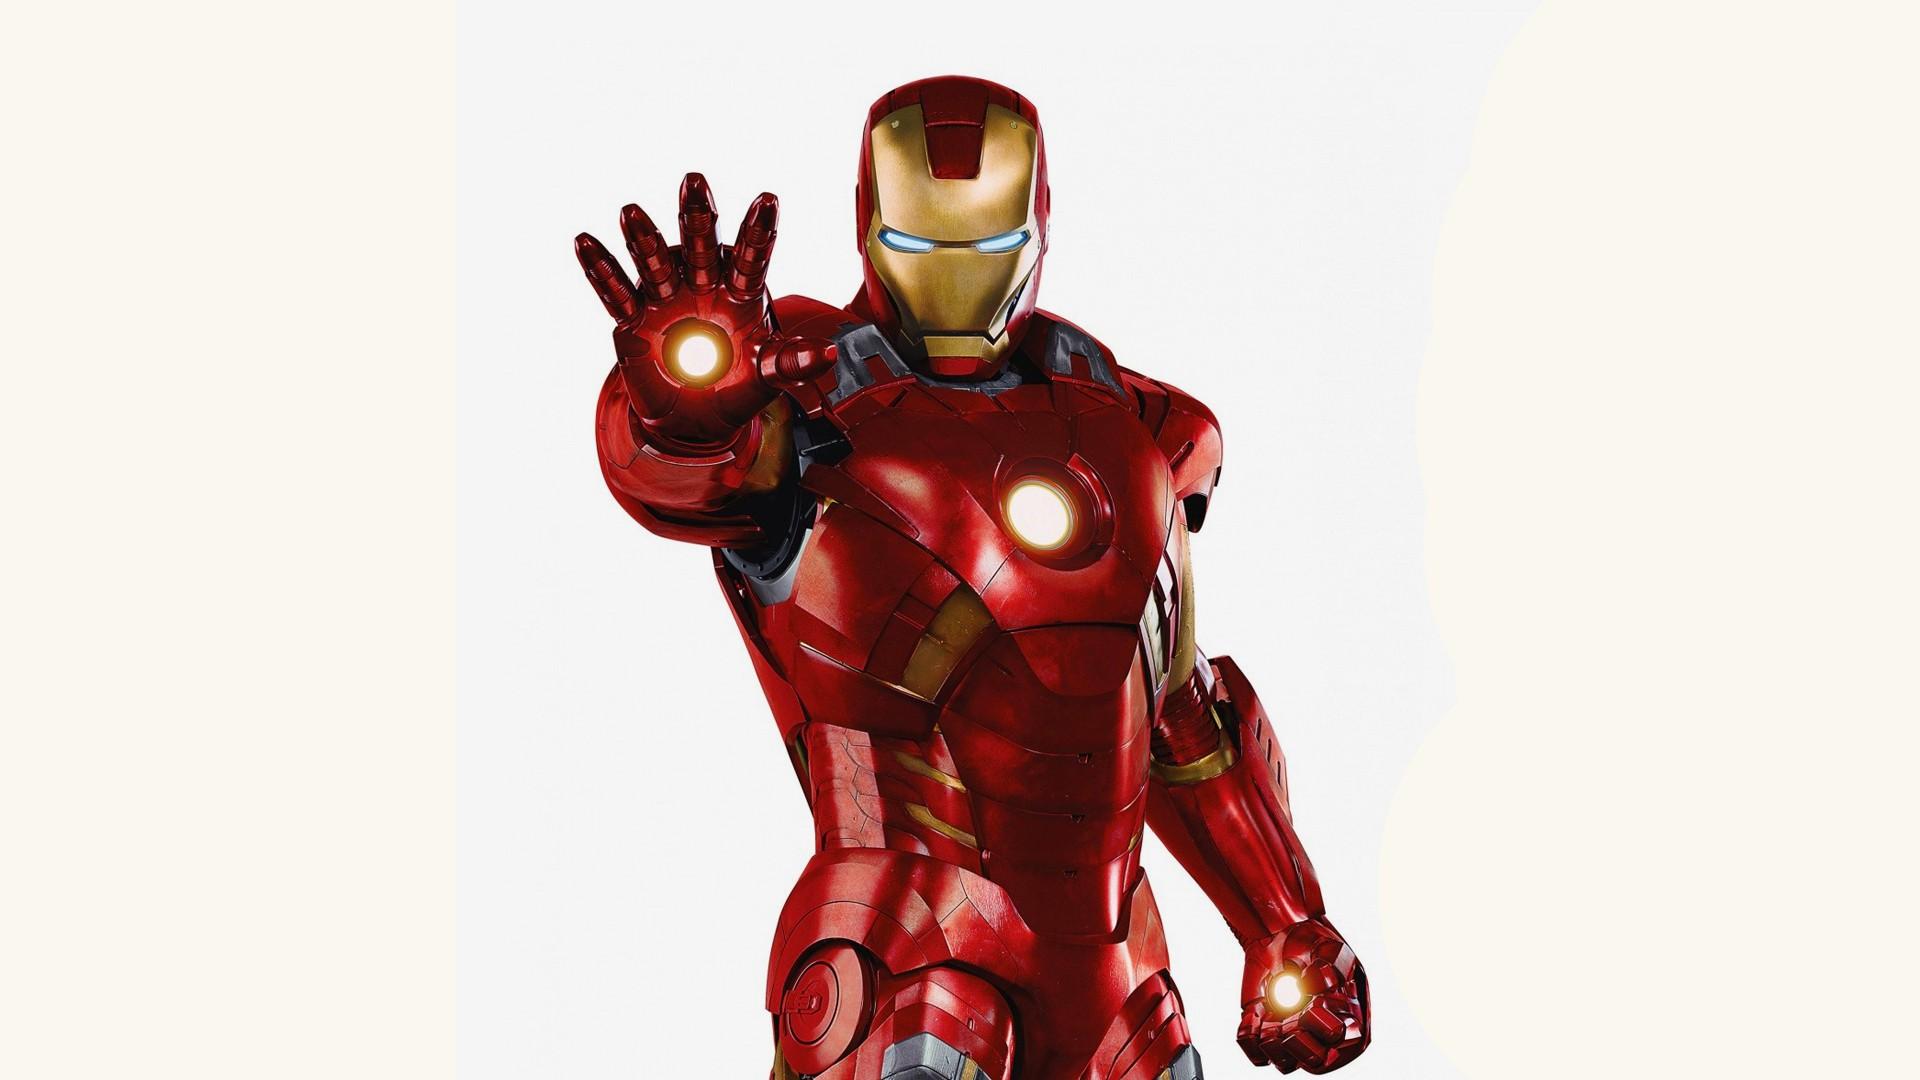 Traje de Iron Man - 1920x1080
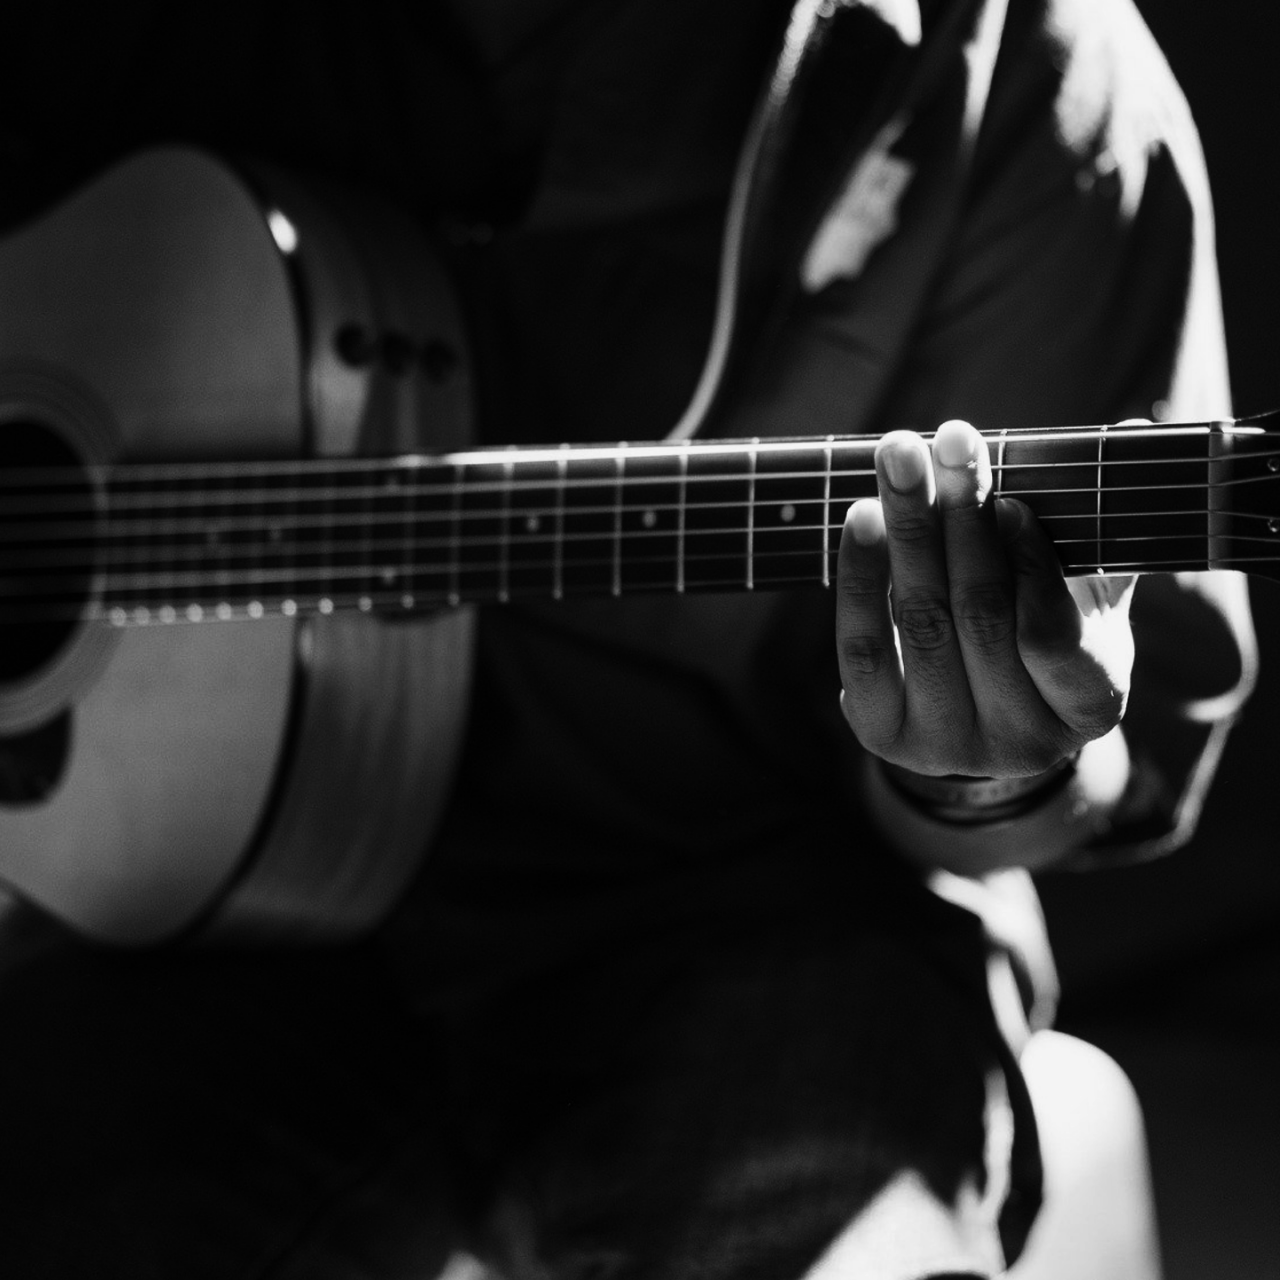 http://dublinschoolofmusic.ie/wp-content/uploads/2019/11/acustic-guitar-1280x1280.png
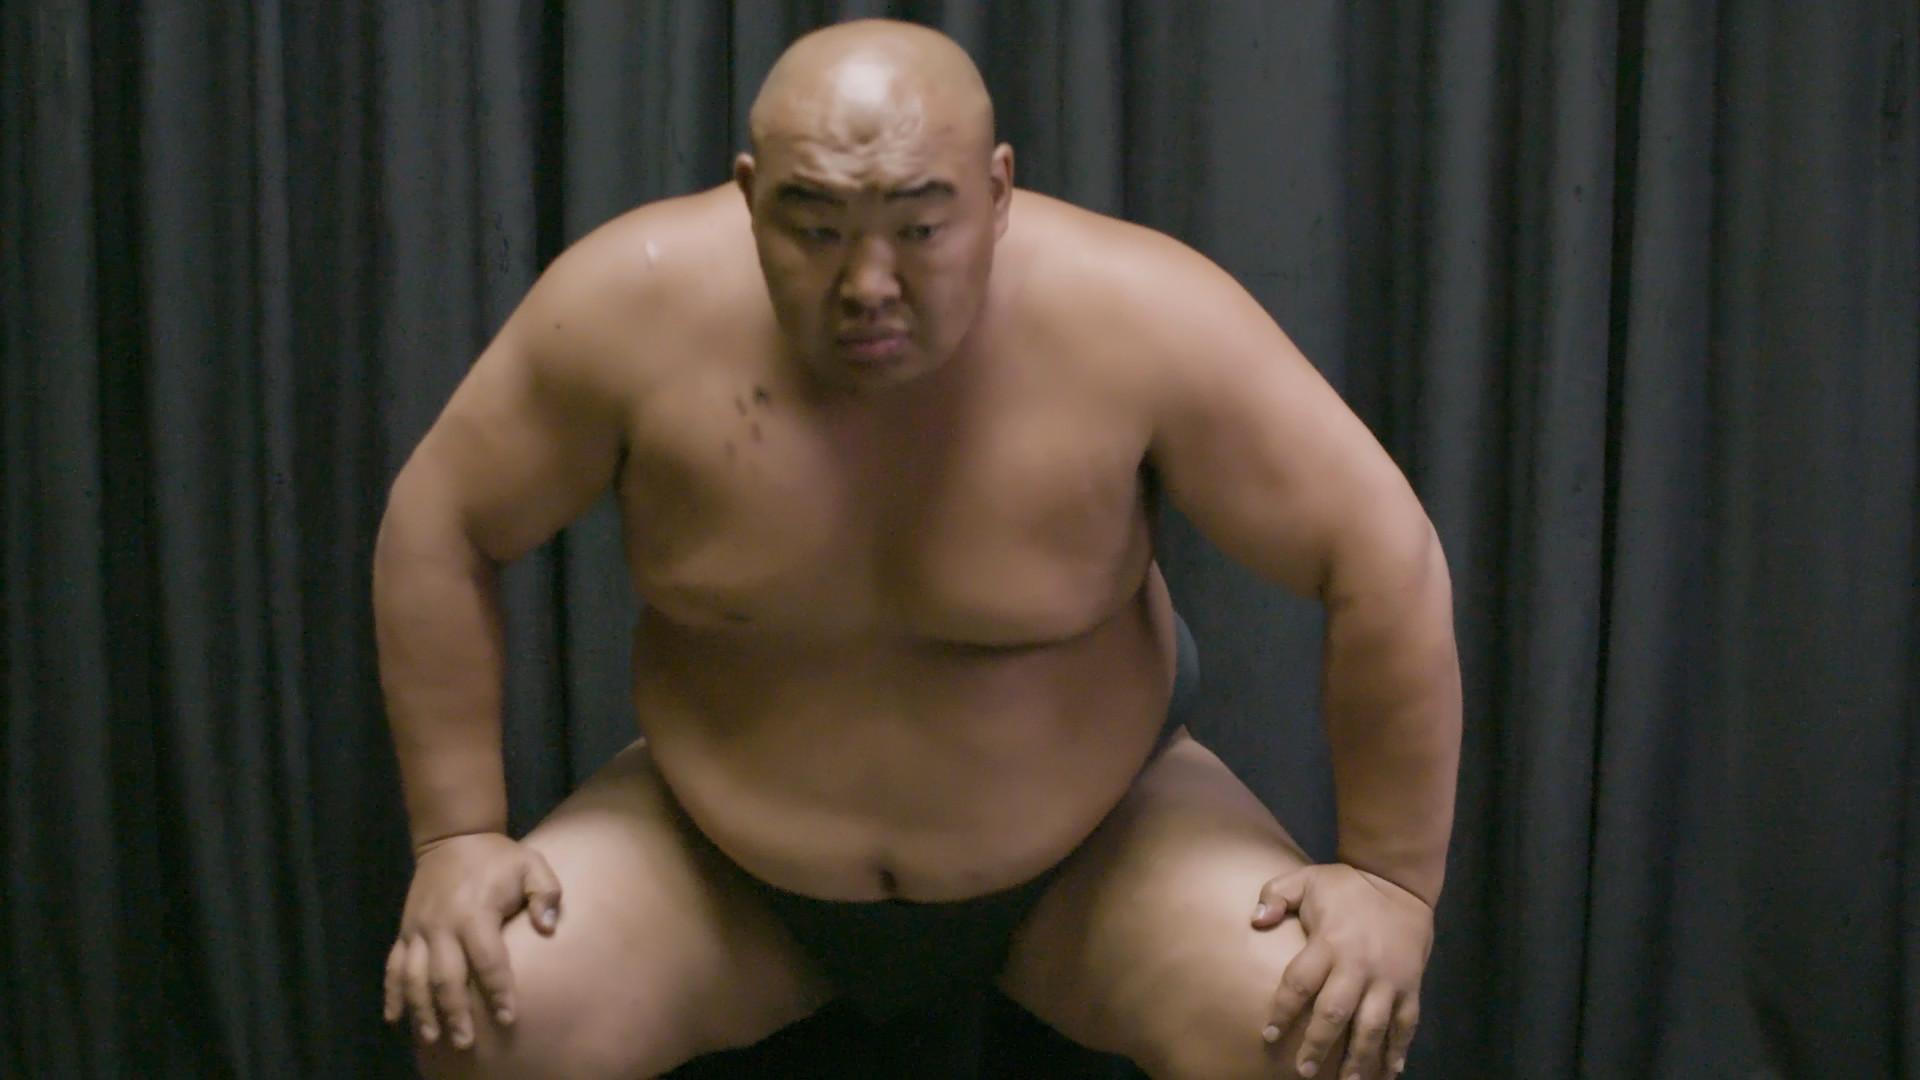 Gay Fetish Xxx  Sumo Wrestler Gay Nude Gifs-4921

TASK DESCRIPTION: Would you transcribe the whole listing above exactly? The pictures should not be included.

OUTPUT FOR THIS EXERCISE:
 Traje de Iron Man - 1920x1080
 http://dublinschoolofmusic.ie/wp-content/uploads/2019/11/acustic-guitar-1280x1280.png
 Gay Fetish Xxx  Sumo Wrestler Gay Nude Gifs-4921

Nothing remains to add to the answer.